In addition, our data reveals that 51 % of urban elderly households are self-employed. We have noted earlier the difficulties in engaging in income-generation at older ages; therefore, it is reasonable to expect that elderly household heads in self-employment are less likely to incur CHE, as they probably have more resources at their disposal in comparison to those who are economically inactive. This expectation of a negative relationship with CHE is also linked to the education effects explained by Grossman’s well-established demand for health model—educated households are more likely to have healthier lifestyles and respond to health messages [43], therefore, less likely to incur catastrophic spending. Although, some CHE studies have confirmed this theory [10, 12, 44], others have found inconsistent evidence in other LMICs. Using the get Survey of Consumption Expenditures 2006 from Turkey, Yardim et al. found that education of the household head was not associated with CHE [40]. In relation to the influence of public health messages, one good example in Nigeria is the use of treated bednets to combat malaria, which may be good proxy indicator for health maintenance strategies in the household. Malaria is well-known for its financial burden on the household, and societal costs in Nigeria [45, 46], therefore, we would expect that those using treated bednets as a health promoting tool, would be less likely to incur CHE.
The study uses an ‘informal health care financing’ ad hoc measure to account for other aspects of health expenditure, besides out-of-pocket spending in our survey. The assumption that this measure is indicative of informal health care is characteristic of a developing country context where unorthodox health care is used alongside formal health care. However, for the purpose of the study, we assume that this aspect of health care is financed informally through friends and extended family members. Given the low levels of formal borrowing and prepayment scheme membership, this is a reasonable assumption. Using the Living Standard Measurement Surveys on 13 developing countries, Banerjee et al. found low levels of access to formal credit, and savings markets especially amongst the poor [47]. When all out-of pocket payment options have been exhausted, it is reasonable to assume that elderly households probably resort to informal financial support for health care costs. From a policy perspective, if this measure is negatively related to CHE, it may offer an opportunity to financially protect vulnerable elderly households through existing informal networks.

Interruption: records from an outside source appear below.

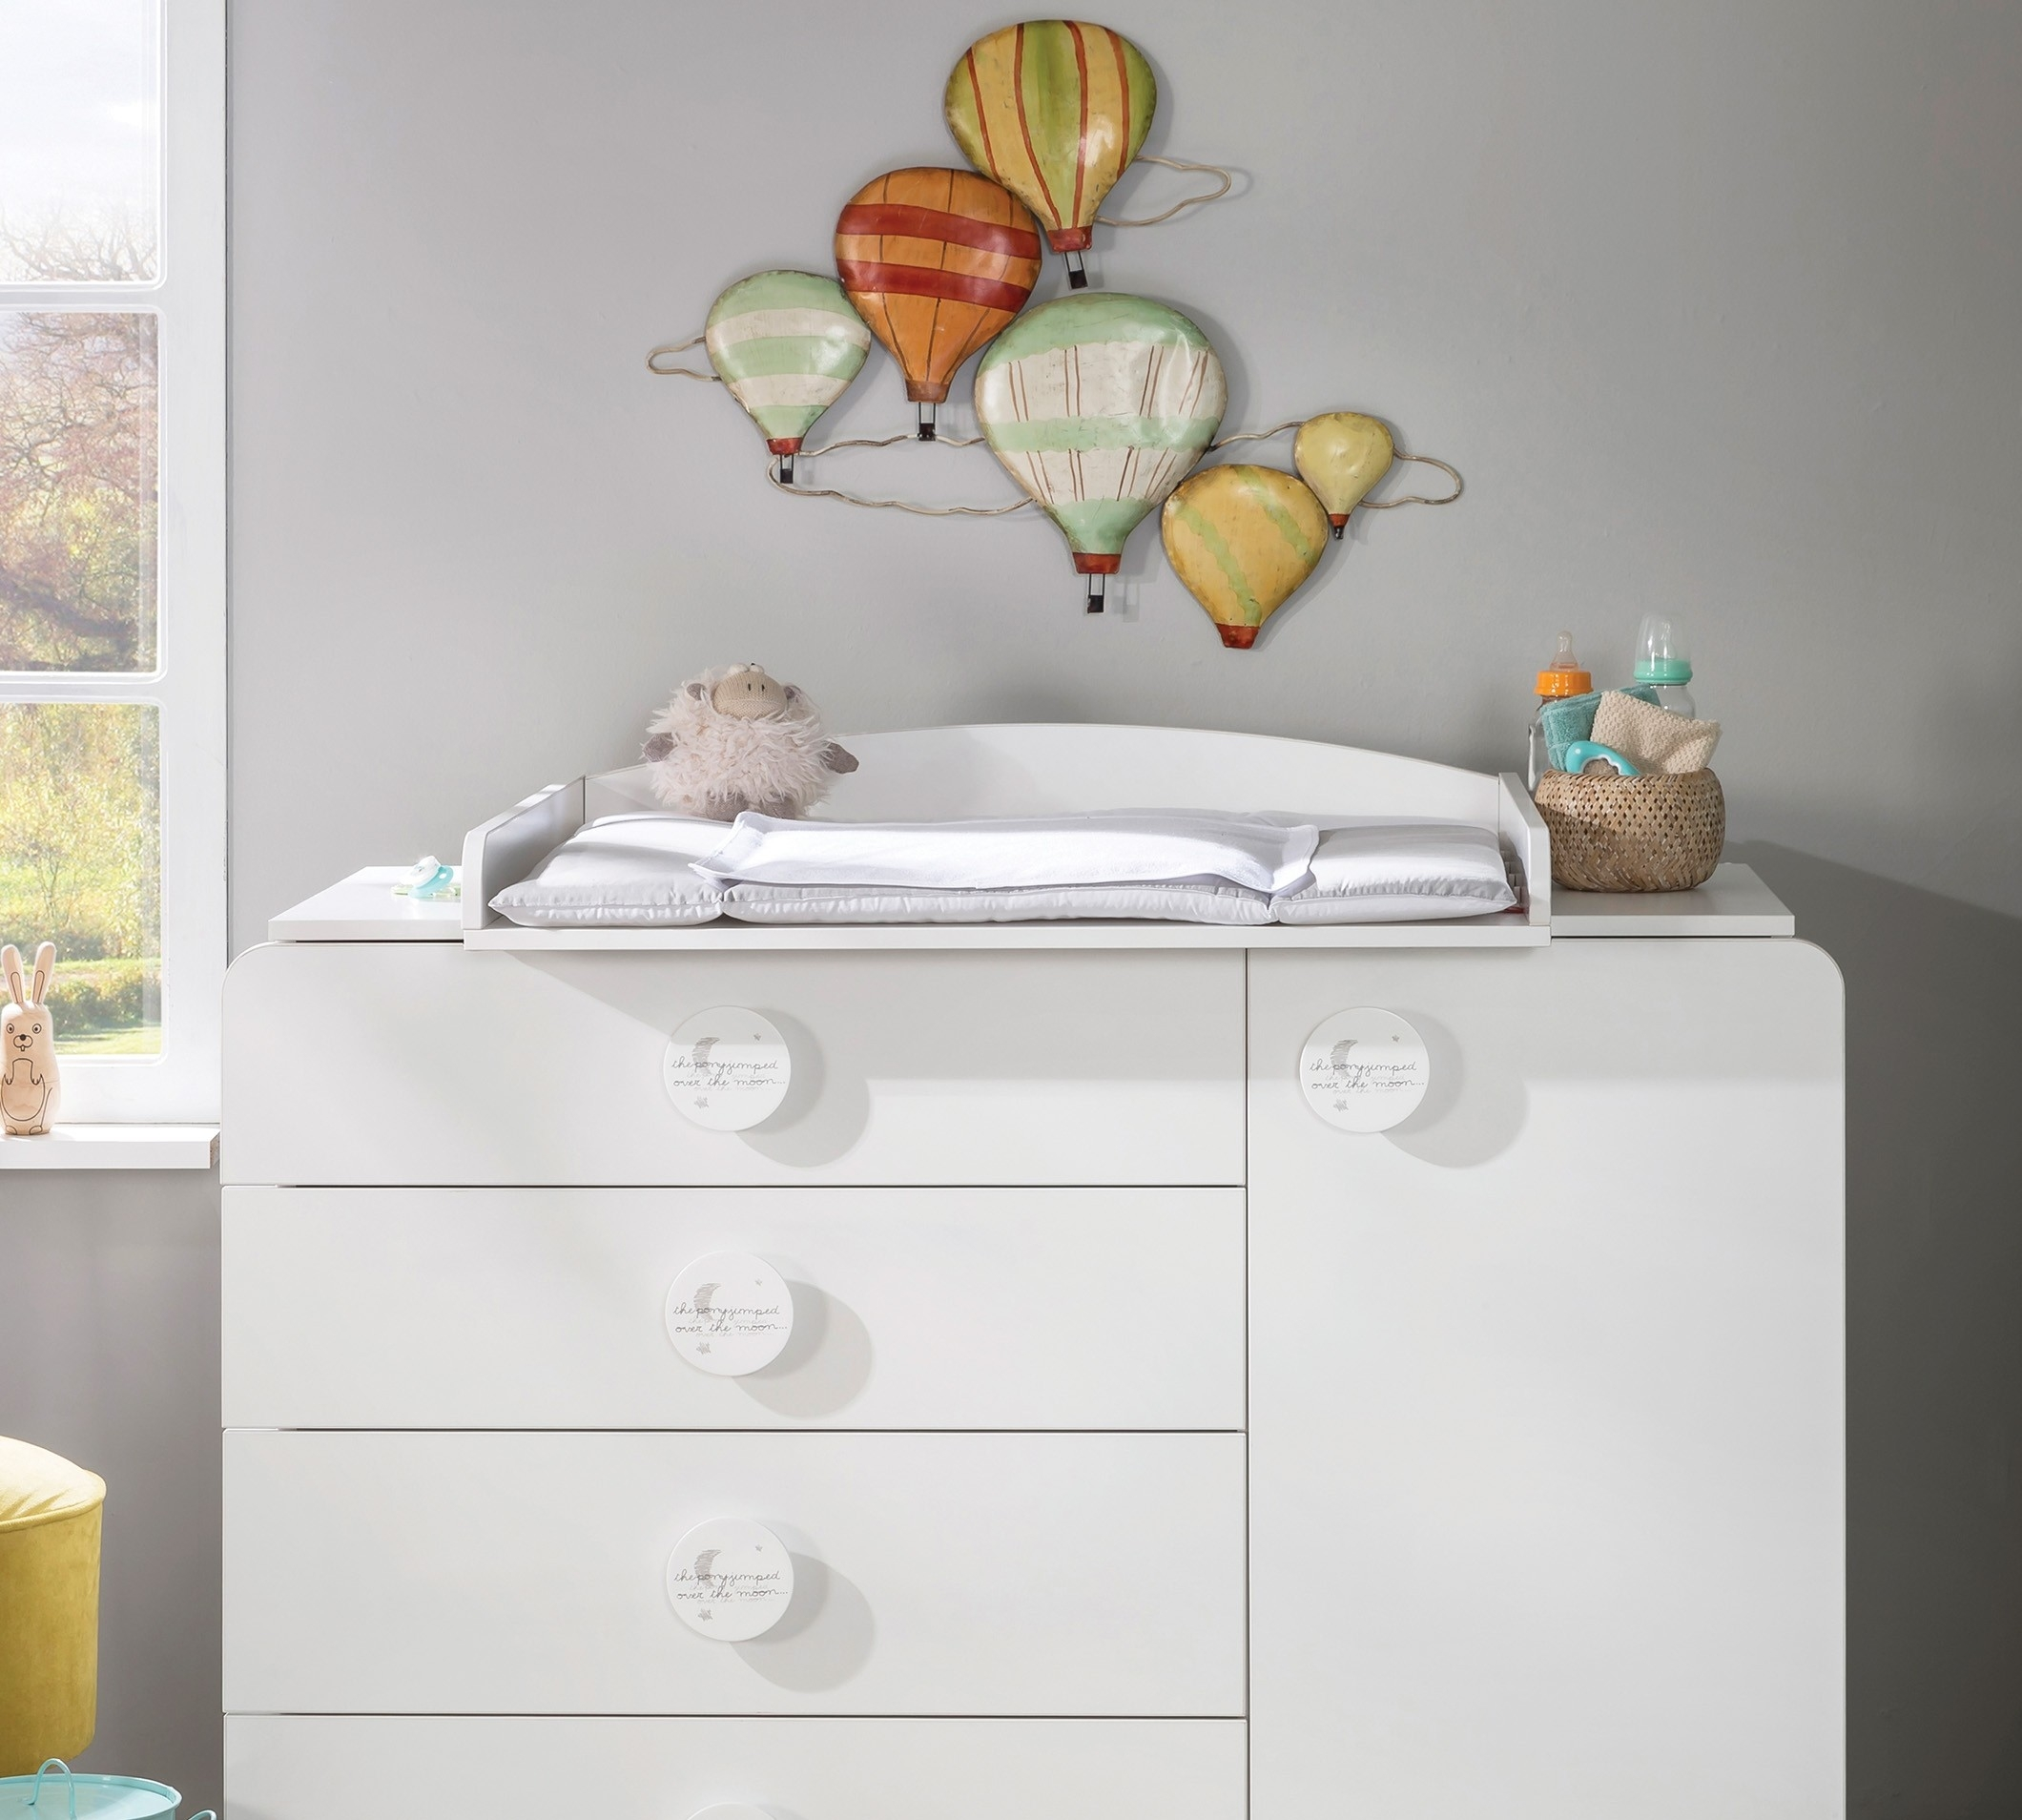 Masa de infasat din pal transformabila in etajera, pentru bebe Baby Cotton White, l82xA74xH13 cm din categoria Mobiler copii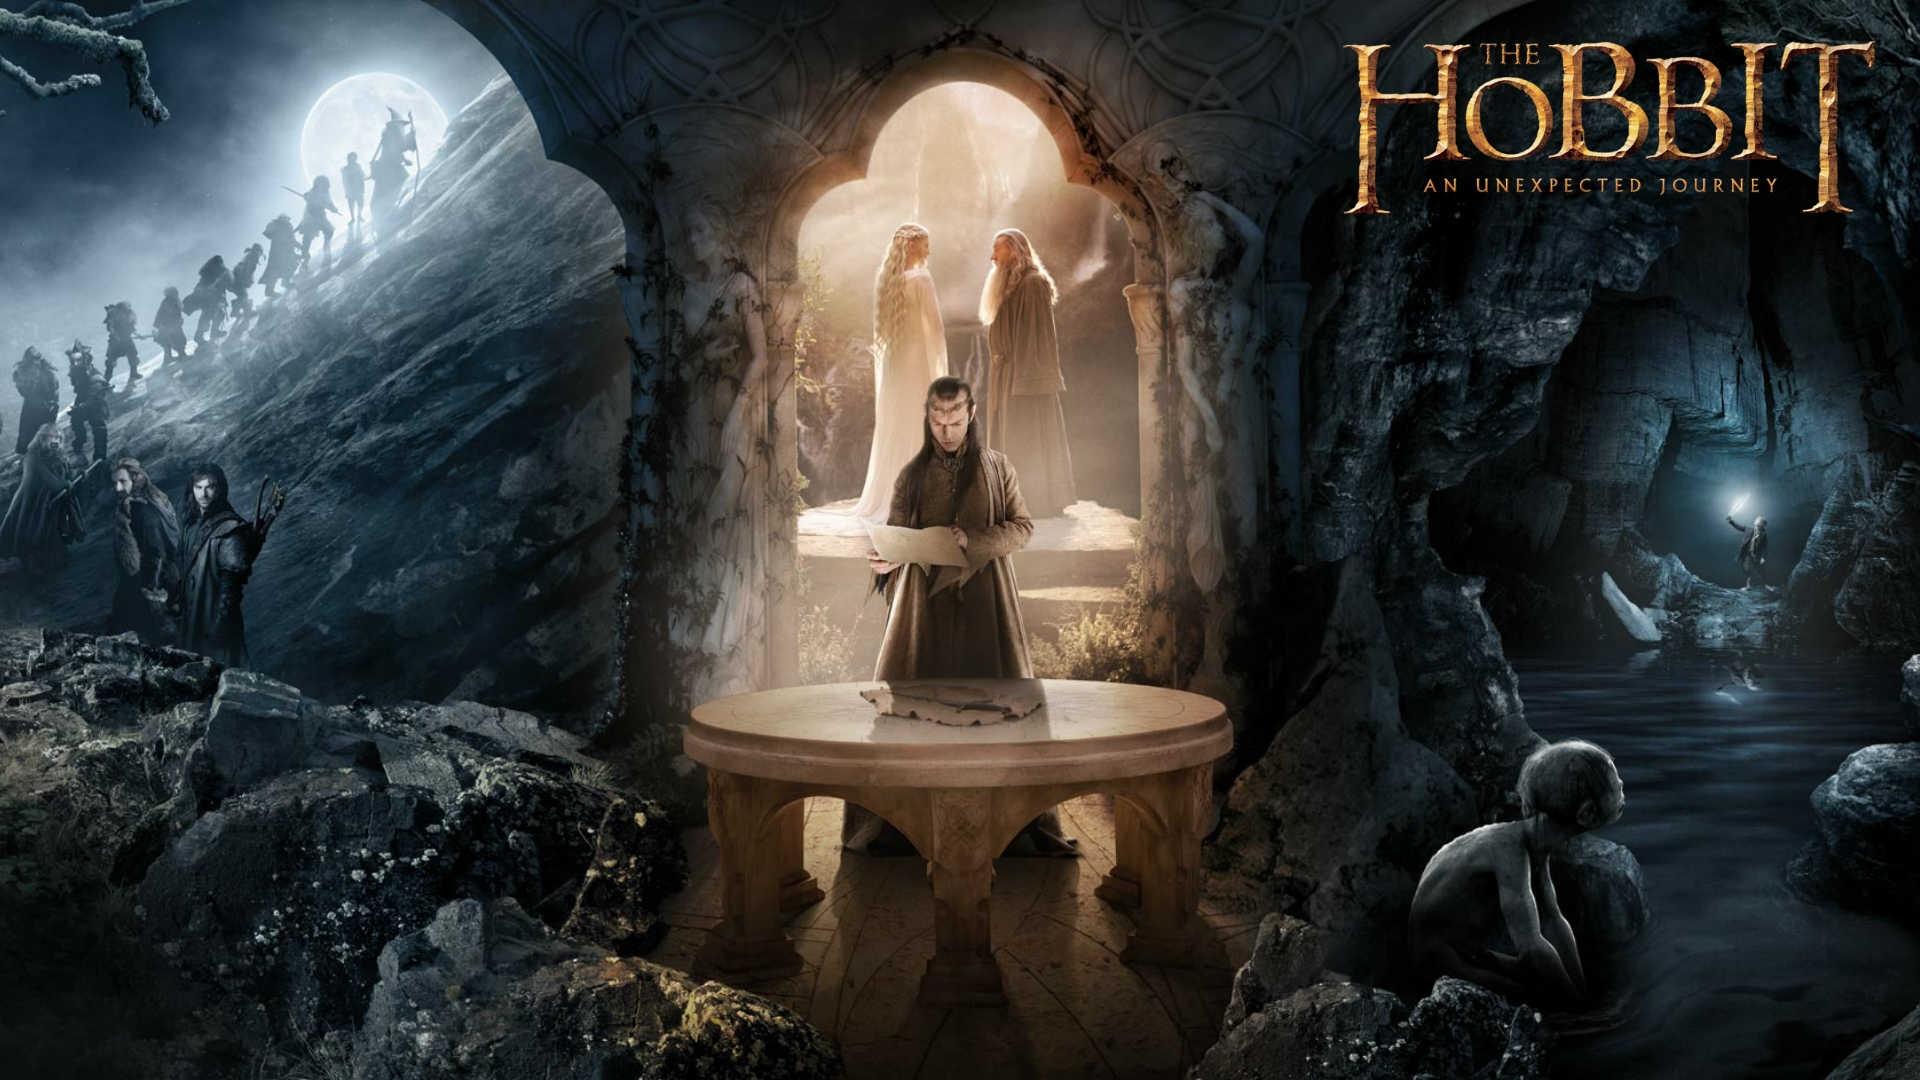 Elrond   The Hobbit An Unexpected Journey Wallpaper 1920x1080 1920x1080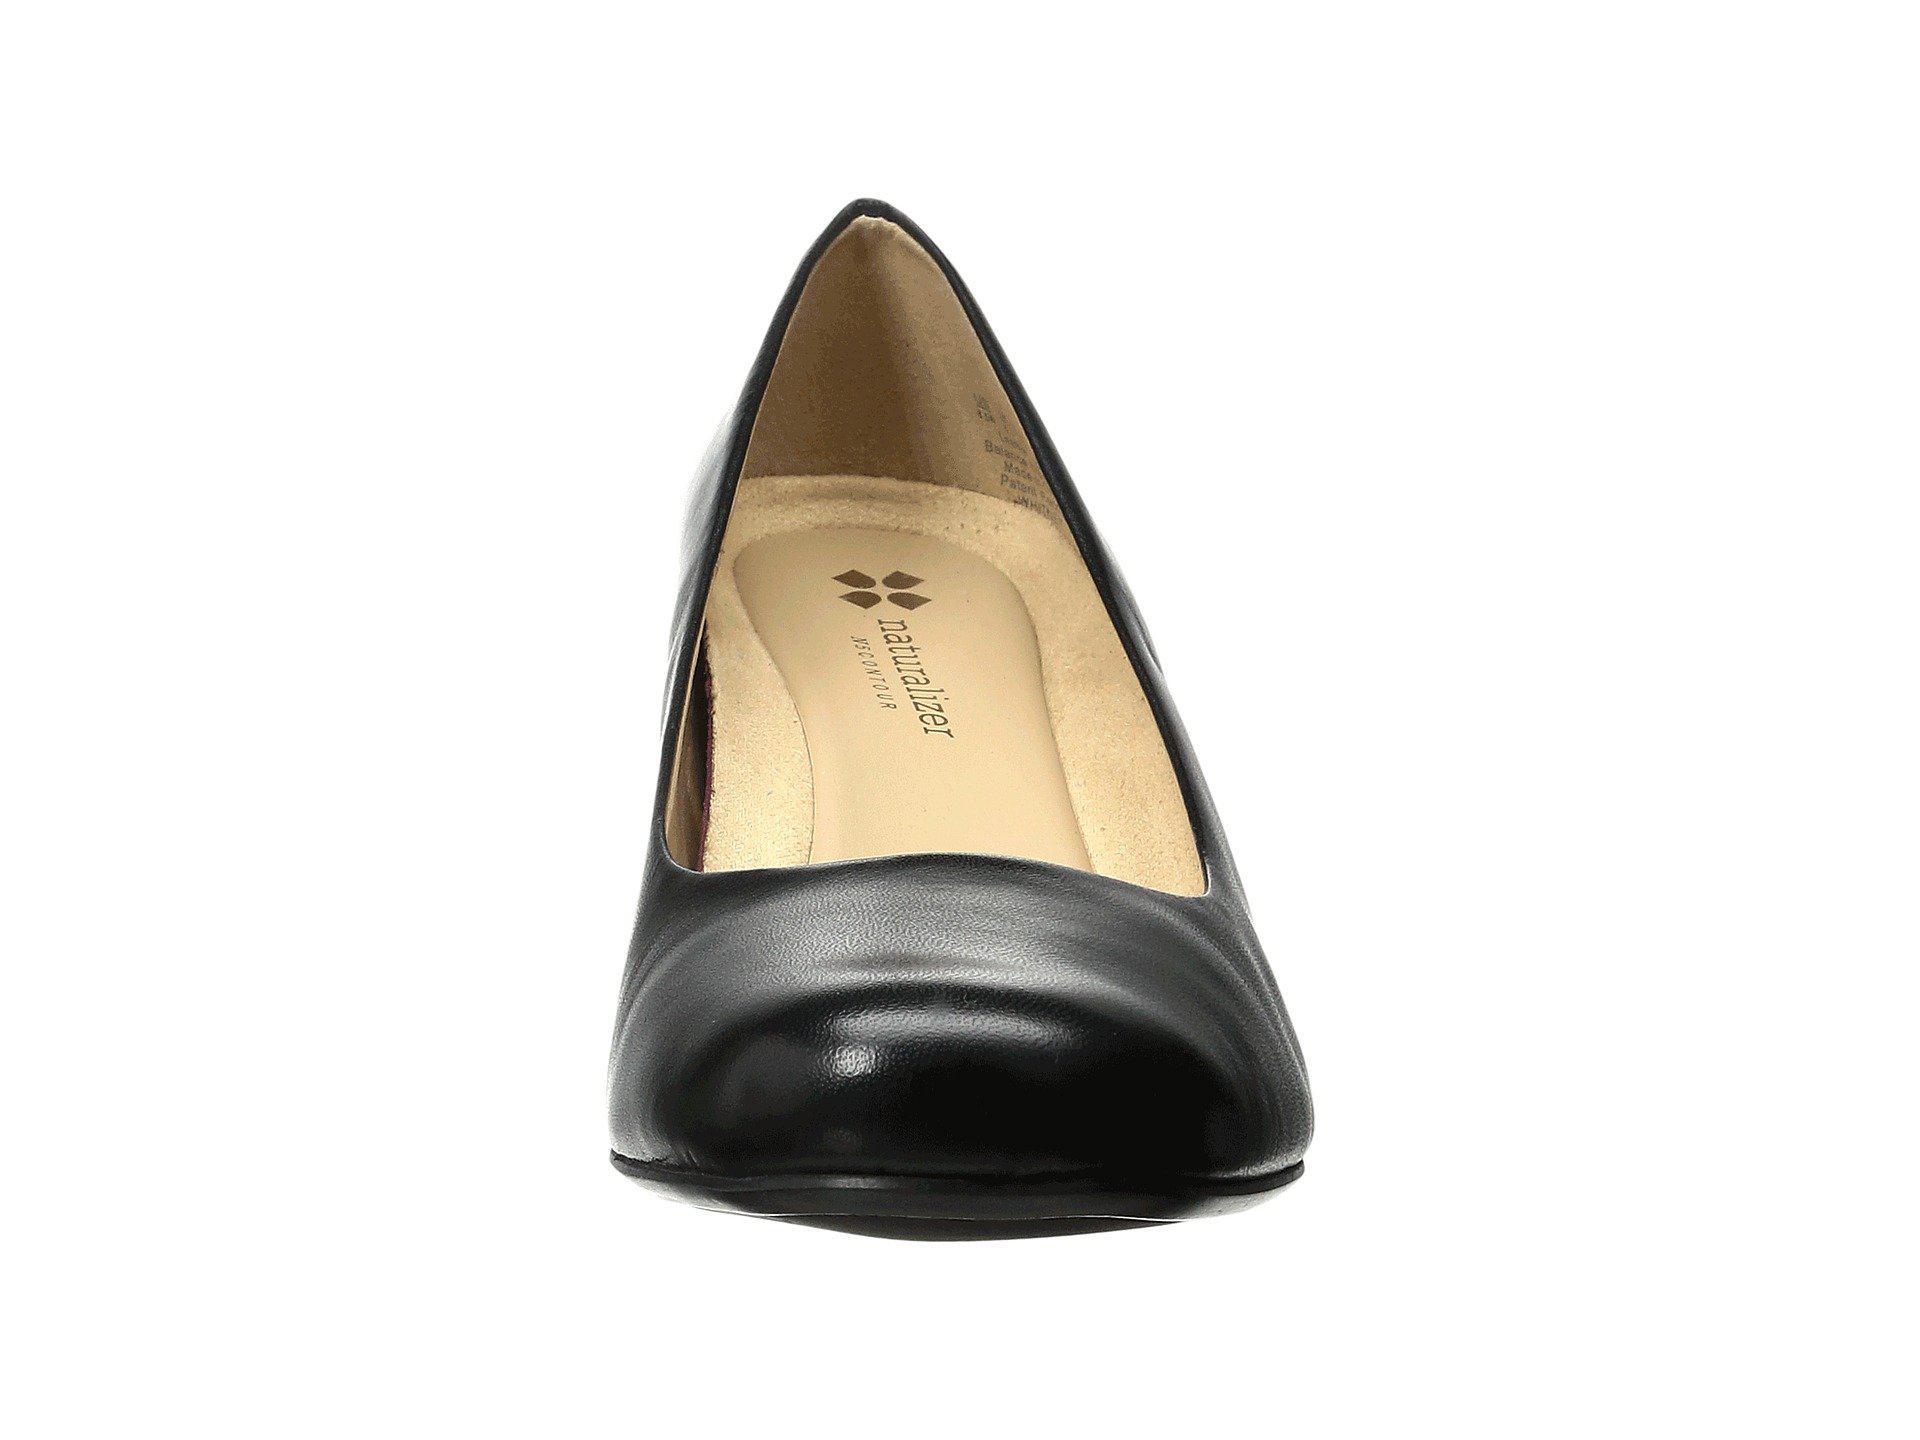 fae18c1834b6 Naturalizer - Whitney (black Patent Leather) High Heels - Lyst. View  fullscreen

In addition, we noted previously, the prevalence of fee-paying private health services in Nigeria, and its financial implications on household budgets. We therefore, expect that households using private health facilities may have a higher health spending compared to those that use government health services in urban Nigeria. Very few studies analyse the role of private facilities use on CHE risk in developing countries, however, in 2009, Vaishnavi and Dash [48] found that 60 % of urban Indian households using private facilities were more likely to incur CHE compared to those that use public sector facilities.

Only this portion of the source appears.